Videos by American Songwriter
Supersuckers
Suck It
(Acetate)
Rating: 3.5 out of 5 stars
This 30th anniversary album from Tucson, Arizona’s irrepressible punk-country rock and rollers the Supersuckers nearly never happened. That’s because singer/songwriter/bassist/frontman Eddie Spaghetti was diagnosed with throat cancer in 2015 and spent six months being tube fed in recovery. Even for the tougher than nails Spaghetti, that was a scary setback.
But he and his band return just in time for their three decade anniversary tour supporting a new album that’s everything you would expect from these journeymen sinewy rockers. It won’t take long to realize that his medical impediments haven’t mellowed Spaghetti and company. Nope, tunes like the cranky “Breaking My Balls,” the pummeling “What’s Up With This MF Thing,” and the ’70s Bowie/Mott the Hoople glam rocking “Parking Lot” prove the band is as tight, strutting and swaggering as ever.

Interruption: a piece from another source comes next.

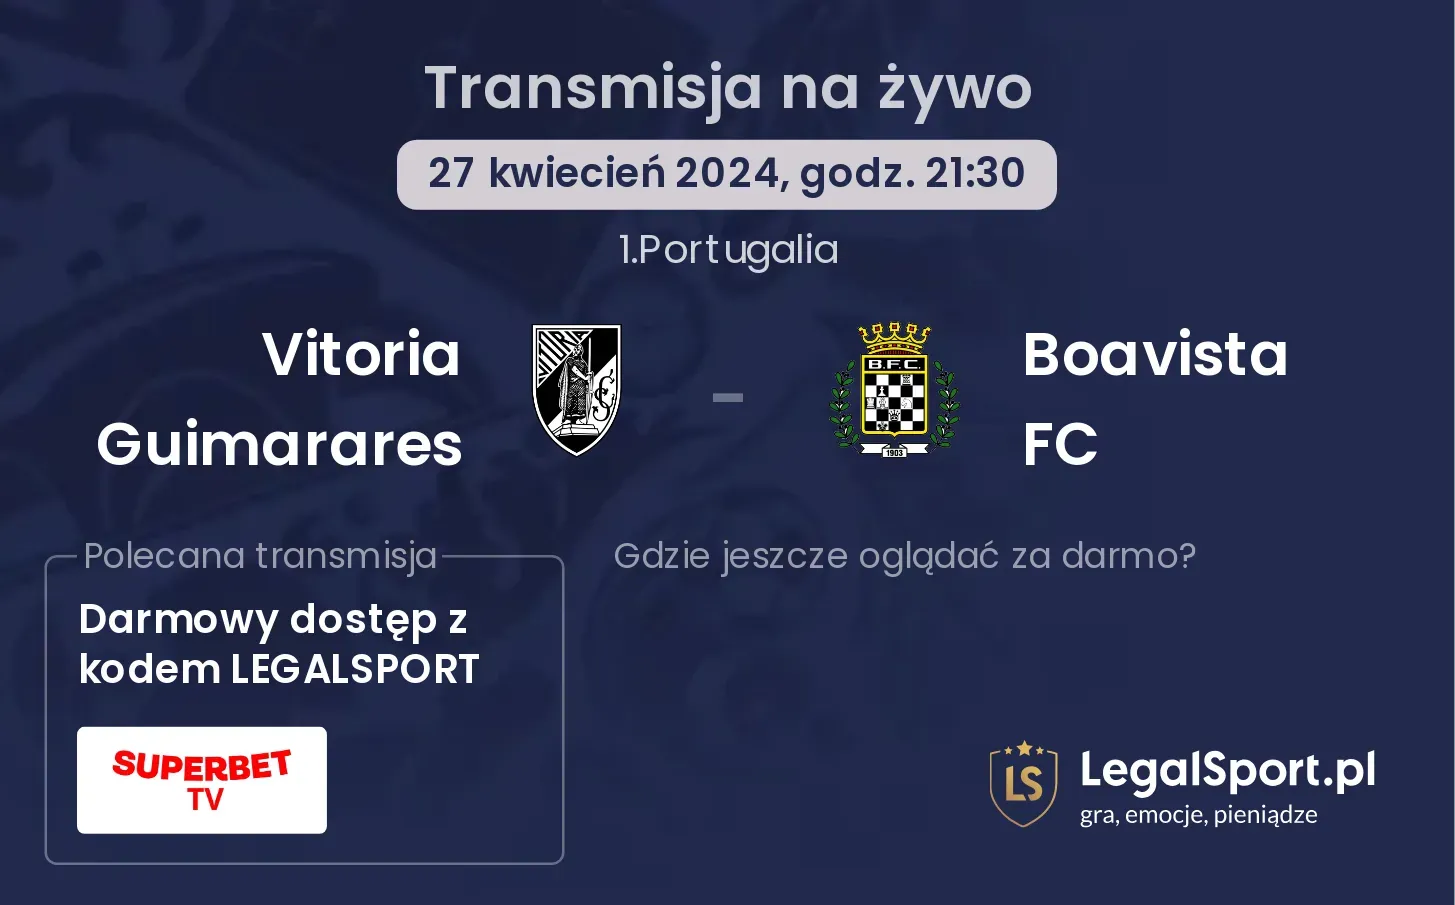 Vitoria Guimarares - Boavista FC transmisja na żywo

There aren’t many acts with the kind of wry, tongue-in-cheek humor to name an earlier compilation How The Supersuckers Became The Greatest Rock And Roll Band In The World (especially one who has covered the Stones), and no others that have backed both Willie Nelson and Steve Earle. Here they tackle a cover of ZZ Top’s “Beer Drinkers And Hell Raisers,” a tune that fits both their rowdy sound and booze, broads and blowtorch approach to life.

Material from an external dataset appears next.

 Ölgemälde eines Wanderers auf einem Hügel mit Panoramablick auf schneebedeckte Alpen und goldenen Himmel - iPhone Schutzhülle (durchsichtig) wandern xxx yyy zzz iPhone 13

Things slow down for a brief respite on the relatively dreamy “The Worst Thing Ever” and the strummy Earle-influenced roots of “Cold Wet Wind,” but that doesn’t last long. The following tune is a pummeling Stooges-like rocker that celebrates self-sexual gratification with a chorus of, “I’m going to choke myself and masturbate ‘til I die.” It’s just waiting to be sung along to by a crowd of beer drenched dudes in one of the dozens of punk clubs the Supersuckers have been blowing the roof off for the past three decades. What else would you expect from an outfit that took their name from a pornographic novel?

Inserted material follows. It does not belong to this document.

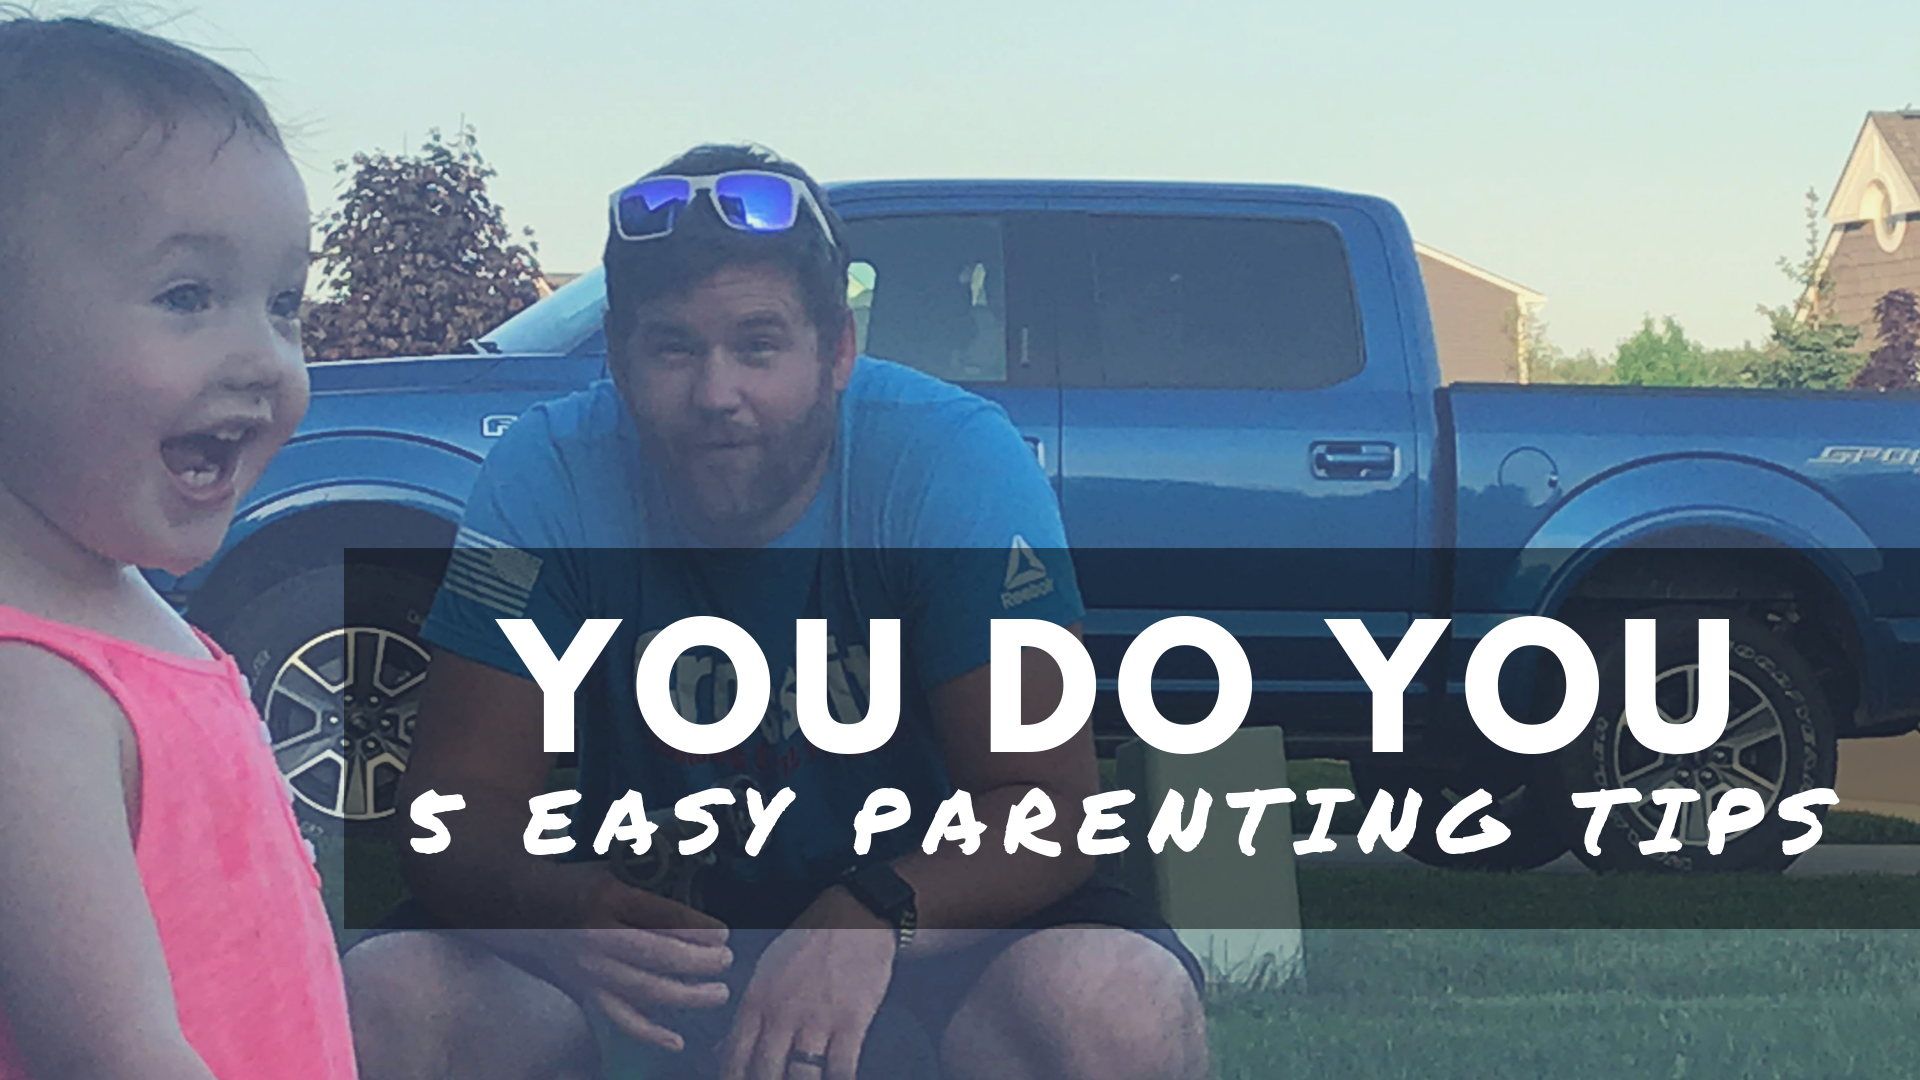 5 Easy Parenting Tips You Do You

Spaghetti’s in tough leathery voice, falling somewhere between Graham Parker and Lemmy; the band is as compelling when dropping the volume for a few tracks as they are on the flame throwing gas guzzlers that dominate this disc; and the songs are, if not classic, surely as potent and throat grabbing as anything the band has recorded on their 11 previous salvos.
In other words, it’s another solid Supersuckers album, proving that it’s going to take more than a bout of cancer to stop these guys from doing what they were put on this earth for—tearing down the house for insurgent country and raucous rock and rollers until the devil calls them home.